Exercise aim:
Repeat the listing that follows character for character, omitting images.

Exercise data:
━━━━━━━━━━━━━━━━━━━━
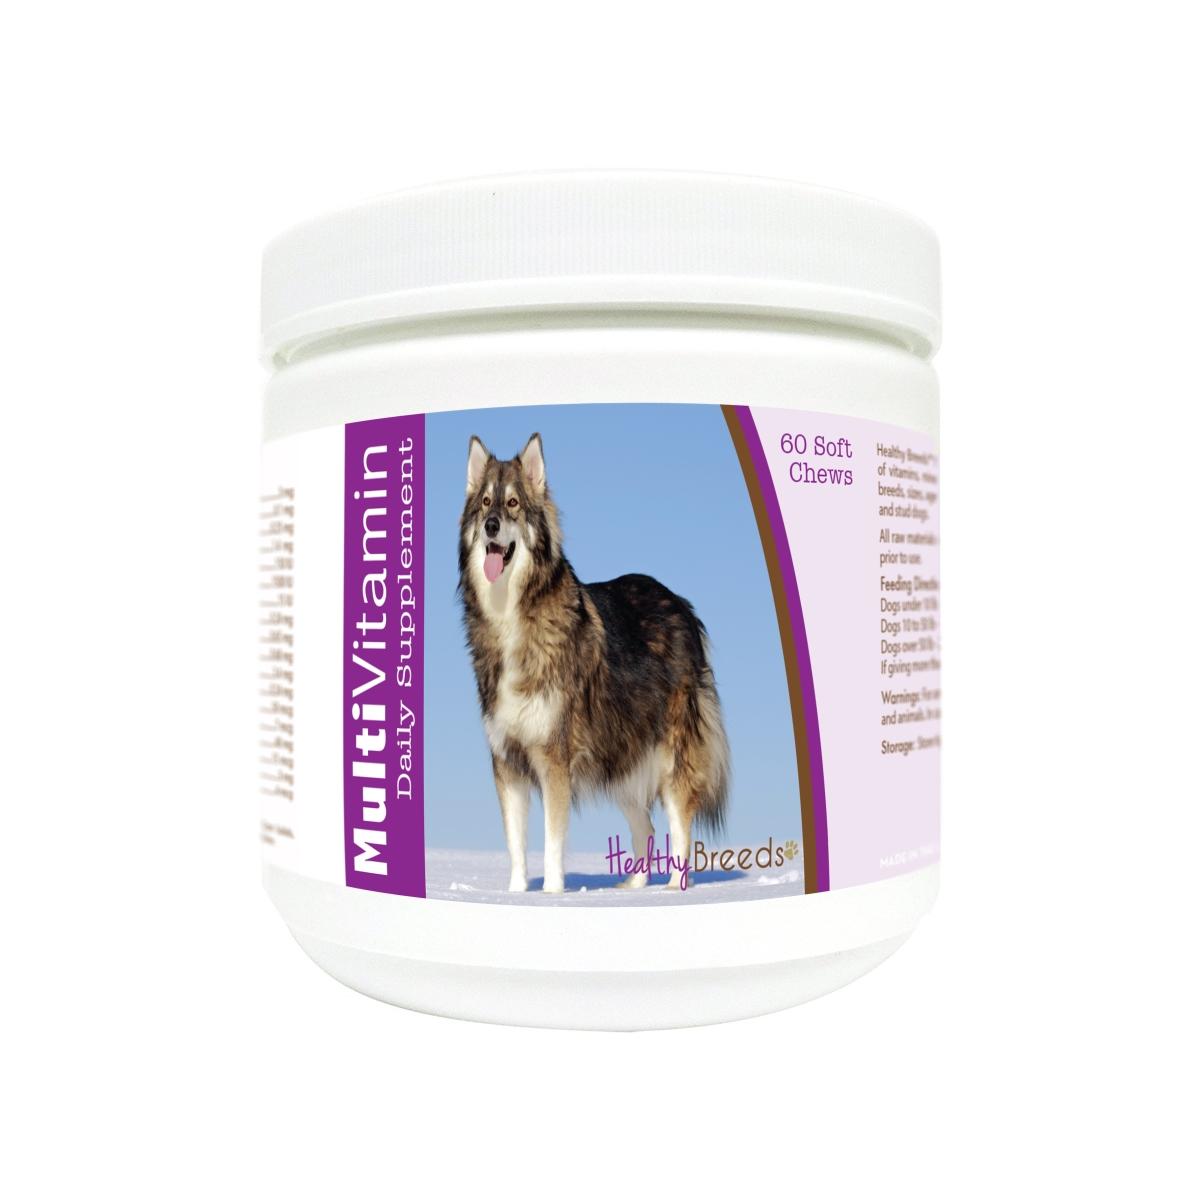 Healthy Breeds 840235177746 Utonagan Multi-Vitamin Soft Chews - 60 Count
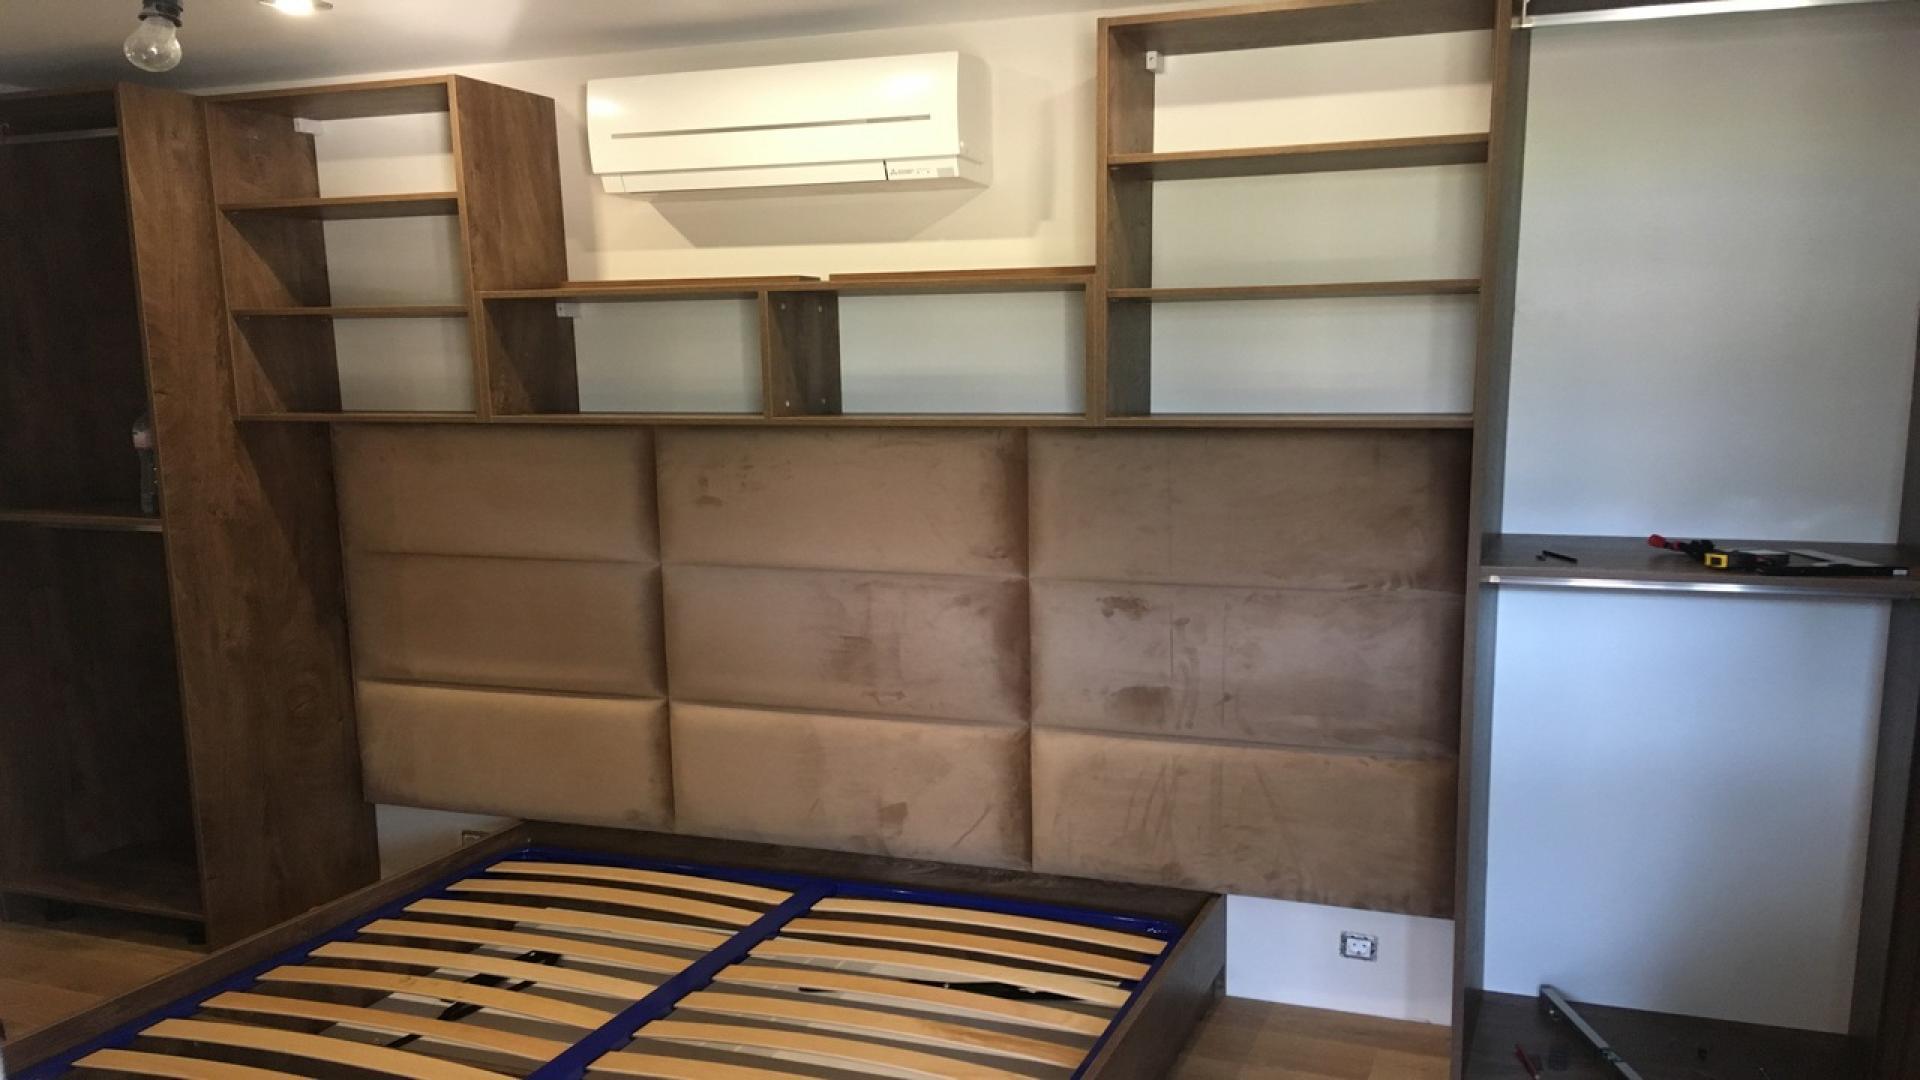 spalnq-po-proekt-Bedroom-Furniture-KN-furnish-design
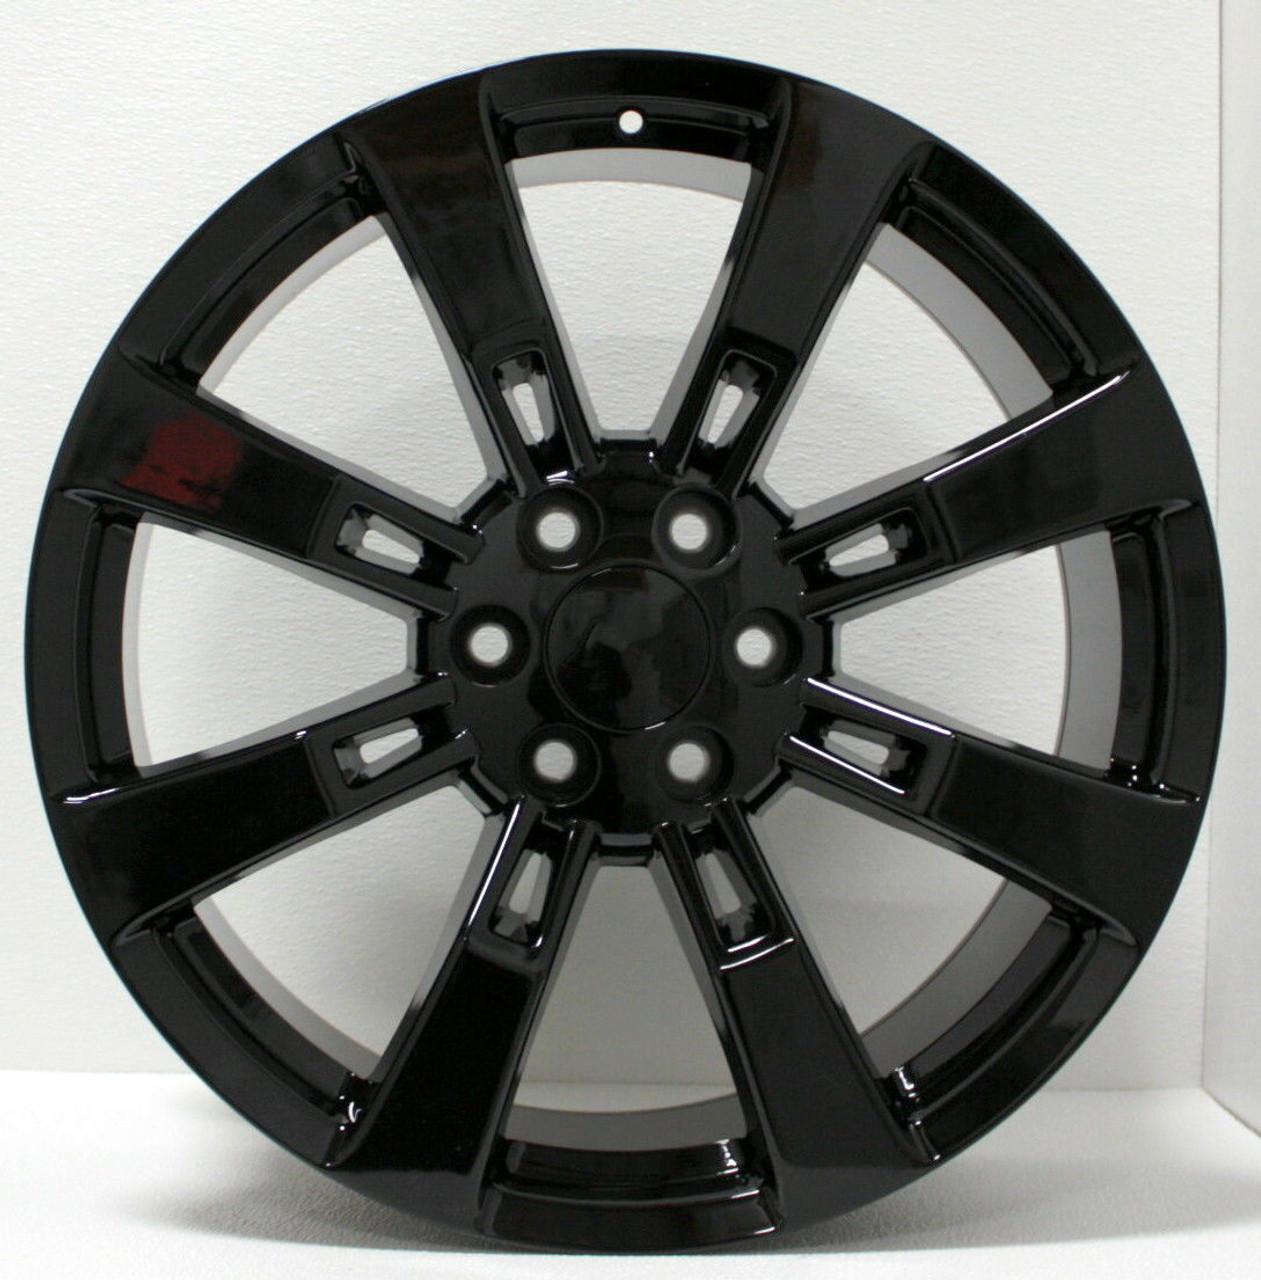 spoke wheels gmc yukon denali sierra gloss eight rims inch tires truck brand
━━━━━━━━━━━━━━━━━━━━
Response area:
 Healthy Breeds 840235177746 Utonagan Multi-Vitamin Soft Chews - 60 Count
 spalnq-po-proekt-Bedroom-Furniture-KN-furnish-design
 spoke wheels gmc yukon denali sierra gloss eight rims inch tires truck brand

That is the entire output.